We’ve made a (very simplified) table to map out where each budget process for a given fiscal year might be at various points throughout the year. (We also ask your forbearance for calling this monstrosity a “very simplified table”. We’re trying okay…)
Since we’re planning on catching up to current events, we’re explicitly using the coming fiscal years of the second Trump administration for this table but it applies to any given fiscal year(s). You’ll likely be seeing this table a lot as time goes on. We use the word “should” a lot in this table. Obviously, things often don’t go according to plan…Especially in recent decades of recurrent appropriations crises. Given the realities of Congressional inaction, read the table not as a history of what has happened during the first few years of the Trump administration but rather as a model for how budget procedures are/were expected to go if Congress met its own deadlines.
The “budget preparation” process as used in our breakdown today involves basically anything that happens before a final appropriation bill is passed, and an agency has its budgetary authority for the upcoming year legally codified.
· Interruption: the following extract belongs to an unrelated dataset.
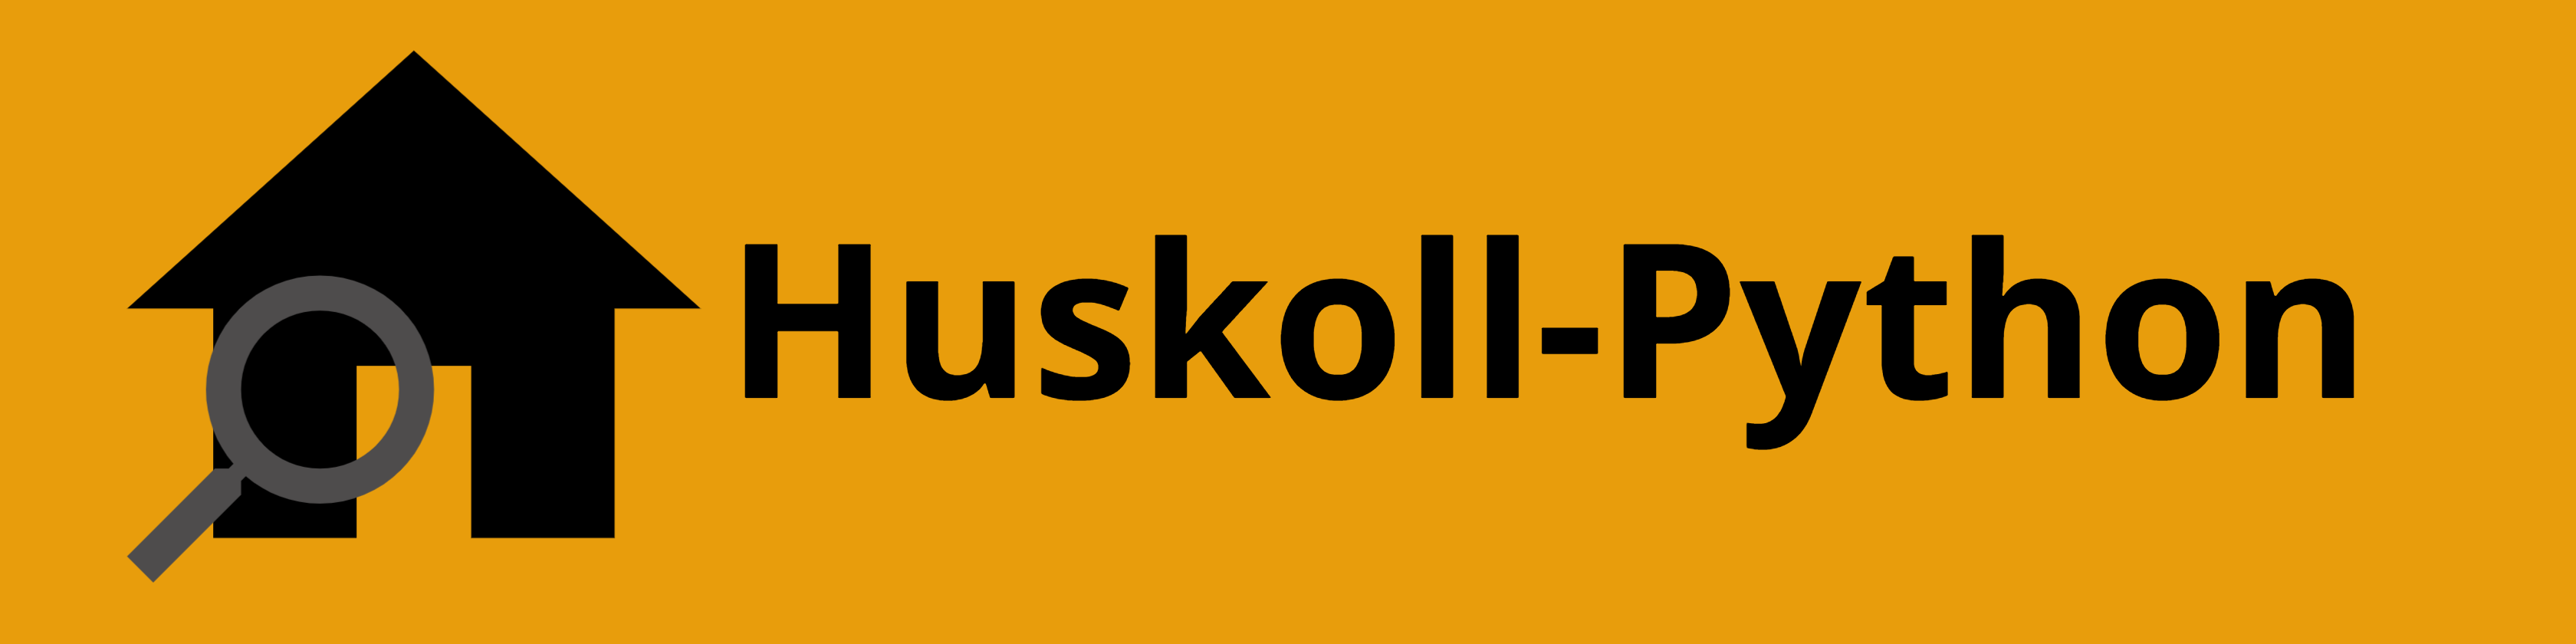 Huskoll-Python Library Logo Image

In the table above, that process has been identified by the yellow squares.
As you can see, the process to “prepare” the budget for one fiscal year itself spans well beyond a single fiscal year. In other words, the “official” budgetary planning for any given fiscal year is around an 18 month or so process, but the informal preparation can stretch it out to 21 months or more. This is because the “preparation” process involves everything from the earliest informal discussions about the next year’s budget to the high stakes debates, held right before Congress passes an appropriations bill. Consequently, OMB’s powers during this stage are sweeping and extensive. Unlike what we might see in the later-stage levers, much of OMB’s efforts in this stage manifest in the form of broad guidelines and policies, that shape agency requests well before anyone submits a document to anyone…And certainly well before a congressperson hears a word about the budget.

To provide a clearer sense of what this process looks like during the drafting of only one year’s budget, we’ve also included the above chart found in a Congressional Research Service brief. As discussed, the OMB spends nearly a year of the proposed 18-month process shaping the President’s budget proposal for the following year before Congress ever gets involved.
In this sense, the OMB is kind of like Marvel Films planning out blockbusters years into the future and congress are the film distributors who won’t get a preview of what's coming down the pipeline until the filming process is already well underway. While distributors may demand reshoots, this is the exception rather than the rule.
I hope we’ve already illustrated the Office of Management and Budget’s enormous power. In the next parts of this miniseries, we’re going to get into the specific “levers” that the OMB uses to shape budgets to their (or the White House’s) will.